- Assigned task
Your answer must restate the listing below word for word and contain no images.

Start of Exercise data

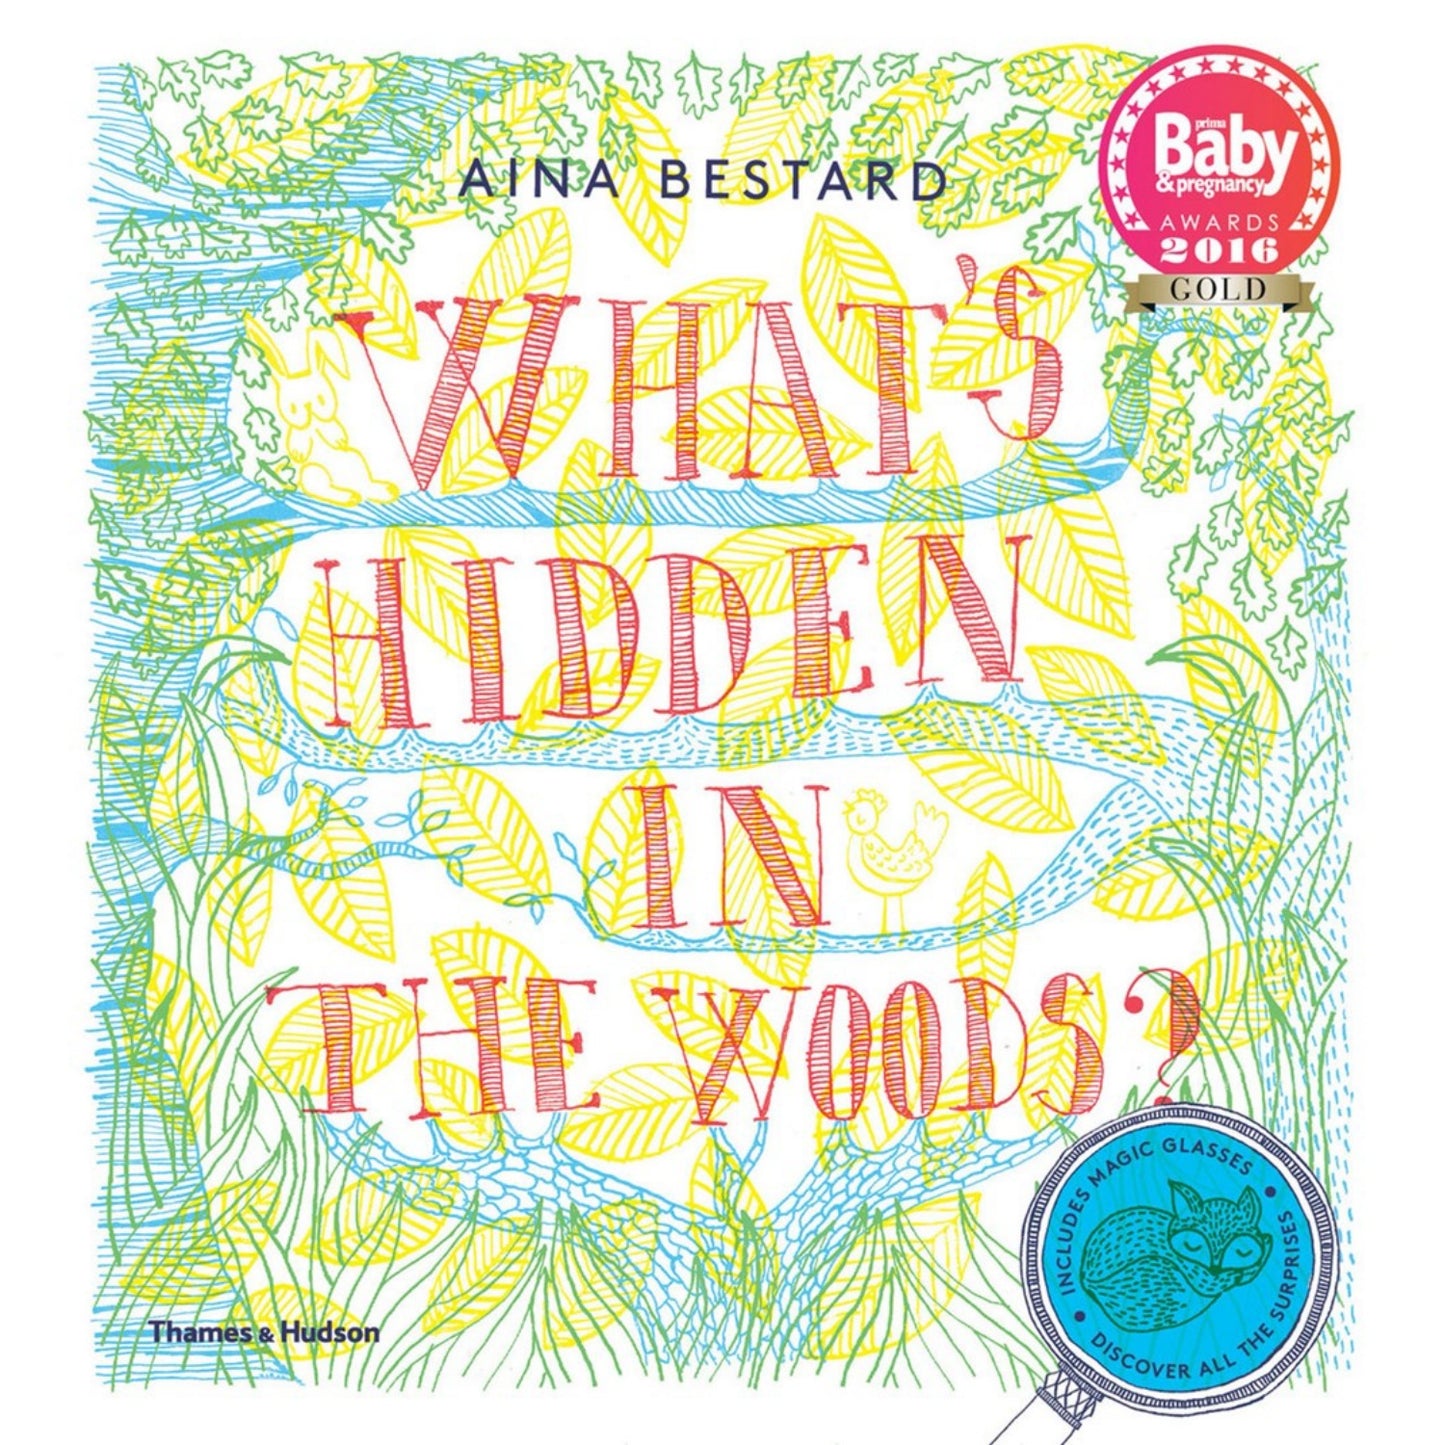 What's Hidden in the Woods? | Children's Activity Book on Nature
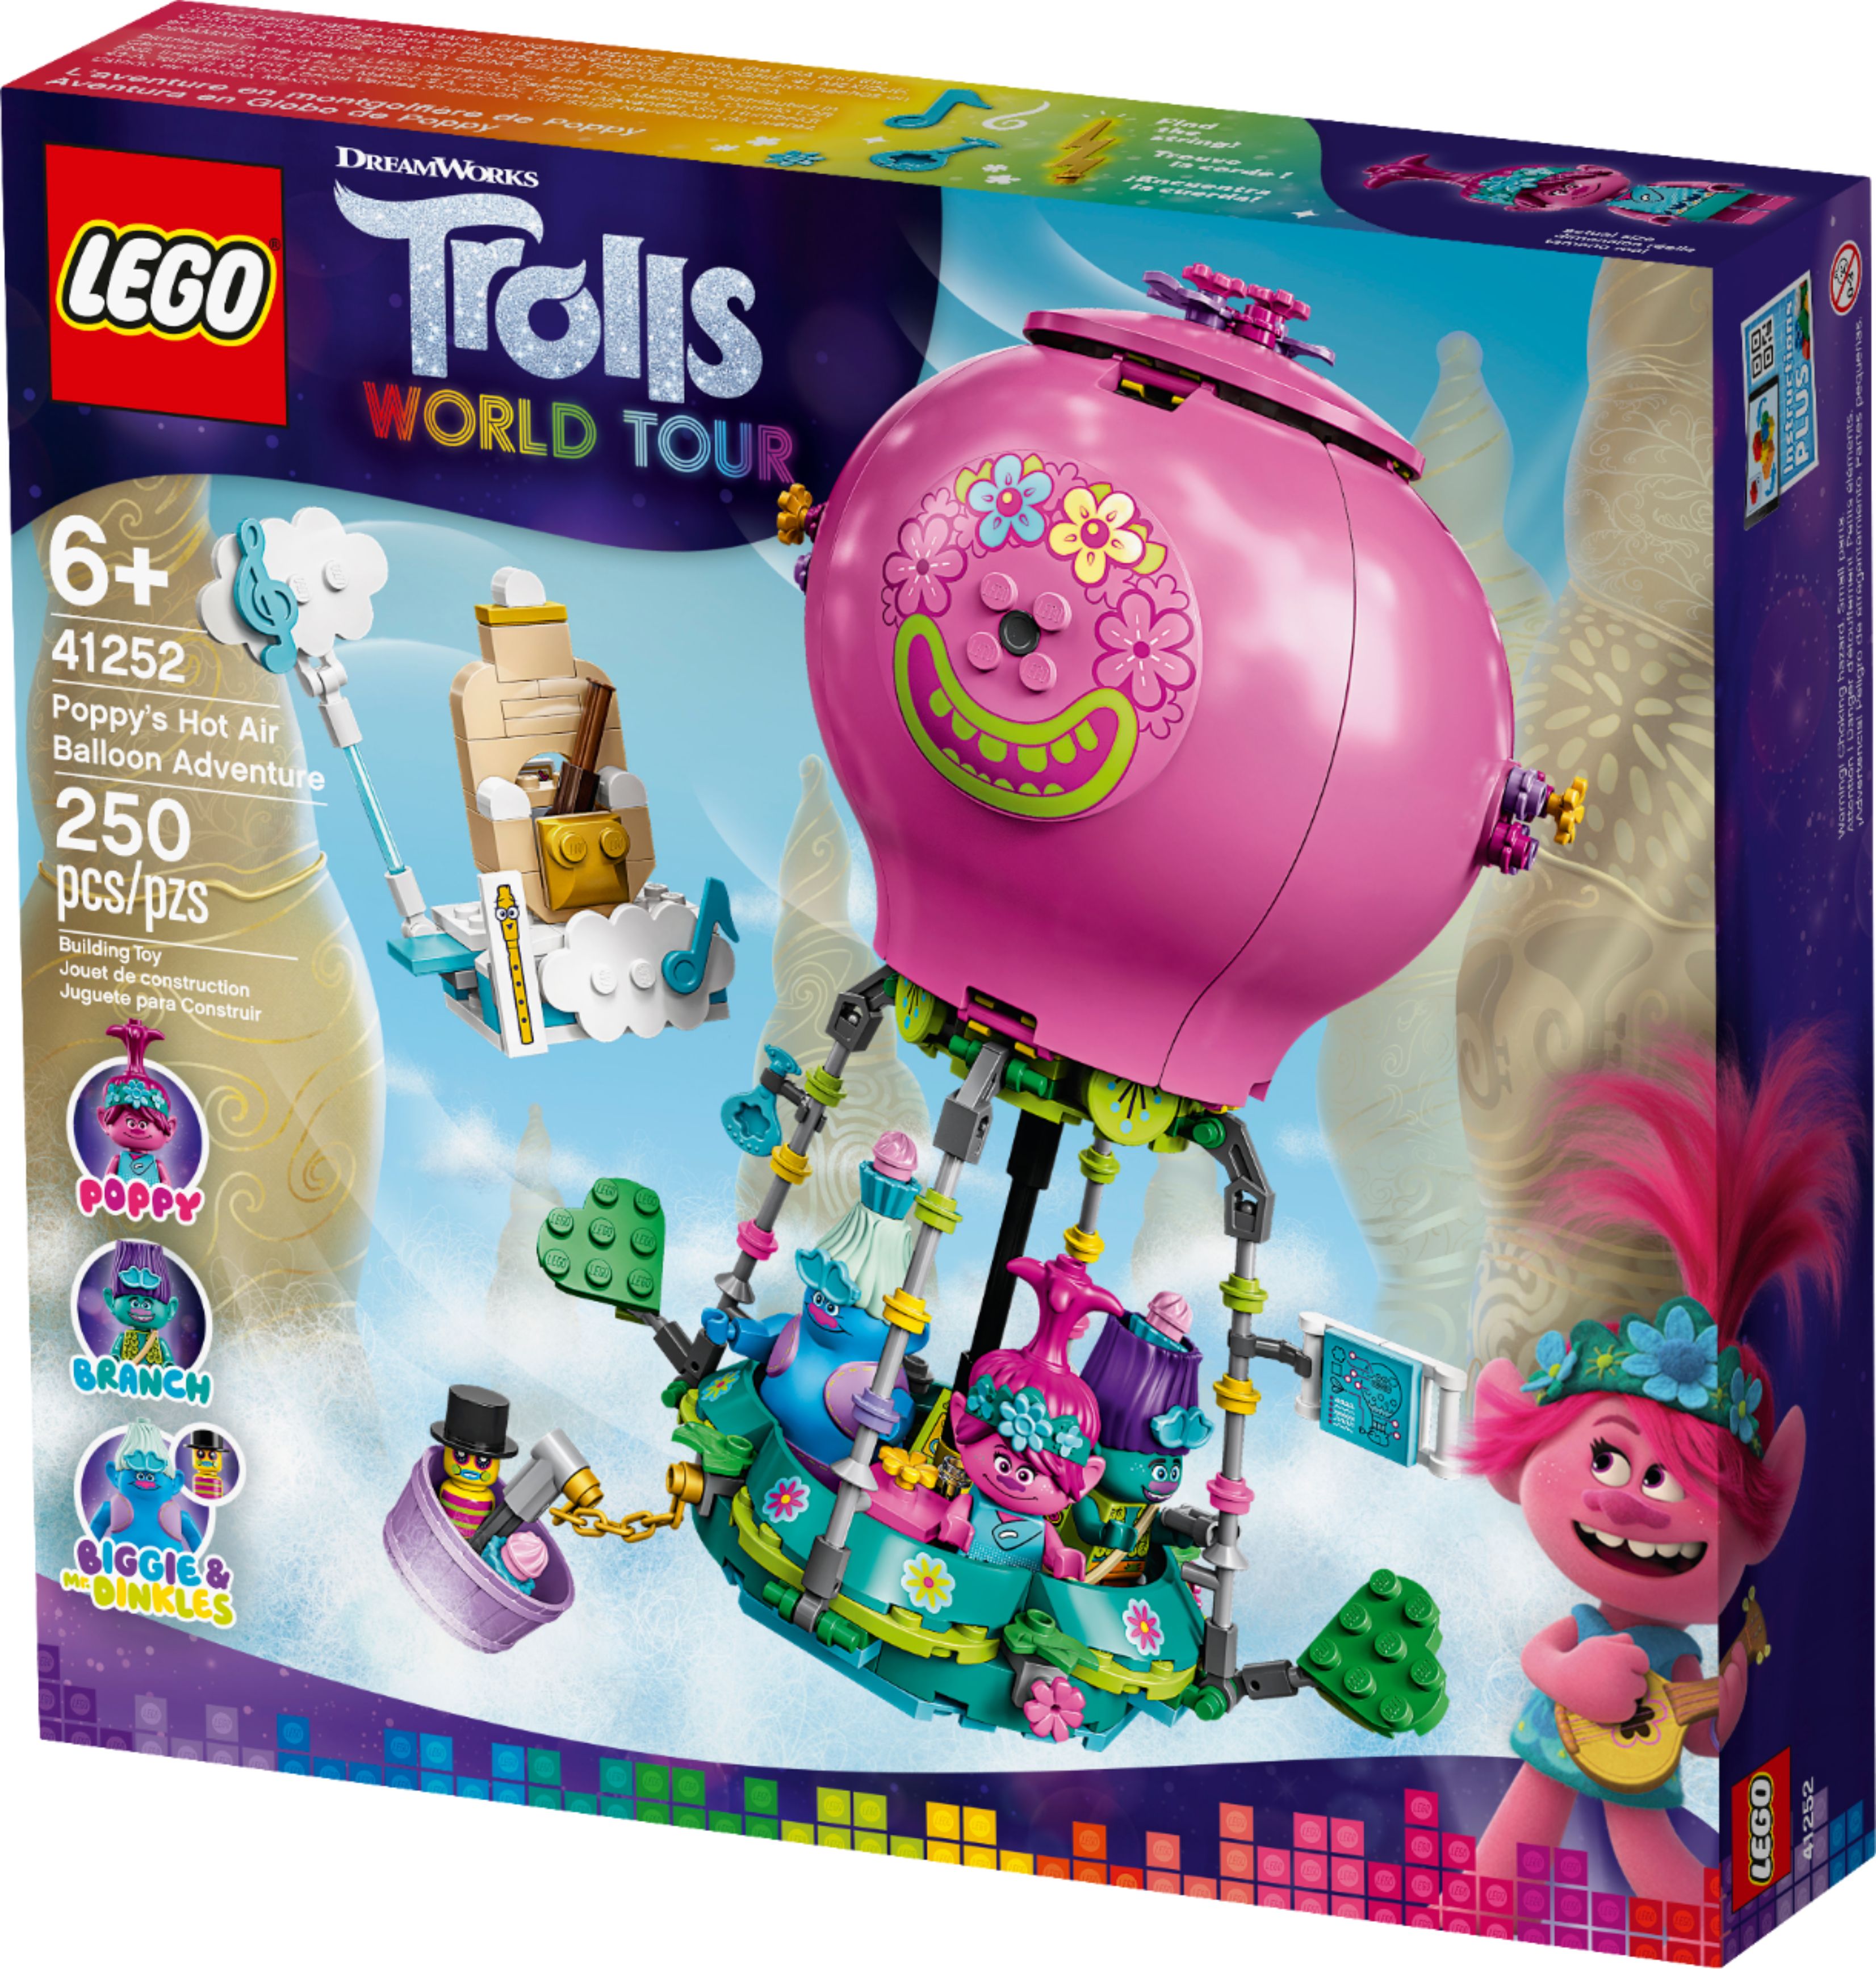 New LEGO Trolls World Tour 41252 Poppy’s Hot Air Balloon
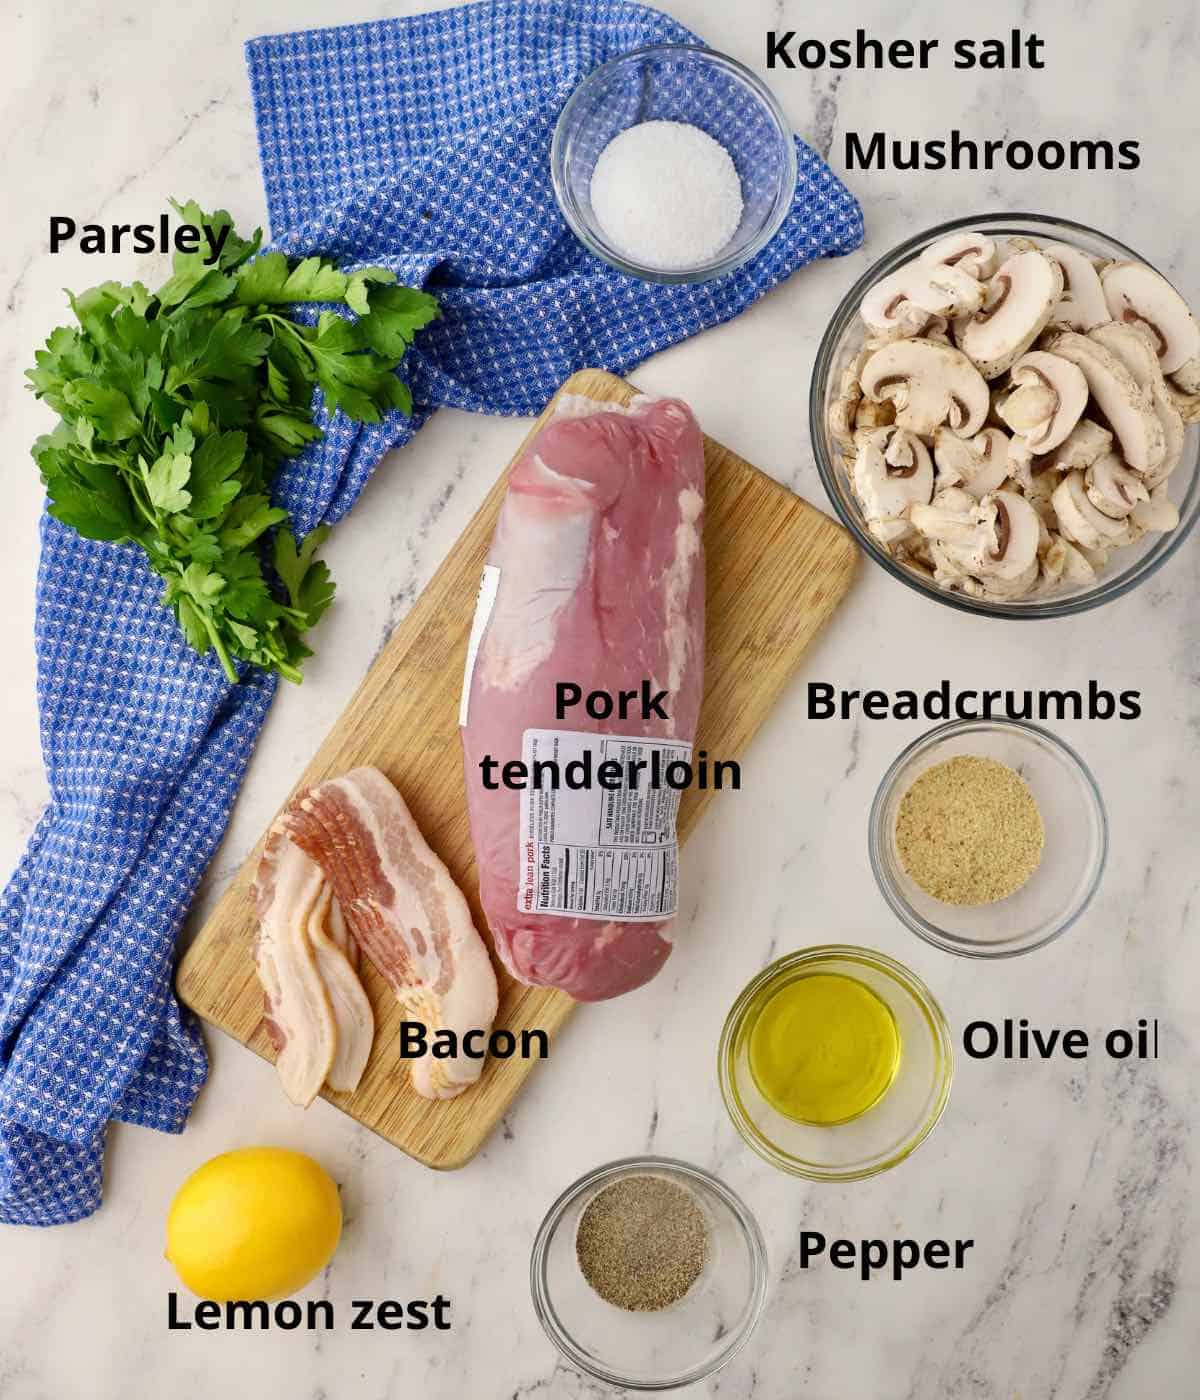 Ingredients for stuffed pork tenderloin including sliced mushrooms.

End of Exercise data

- The completed task
 What's Hidden in the Woods? | Children's Activity Book on Nature
 New LEGO Trolls World Tour 41252 Poppy’s Hot Air Balloon
 Ingredients for stuffed pork tenderloin including sliced mushrooms.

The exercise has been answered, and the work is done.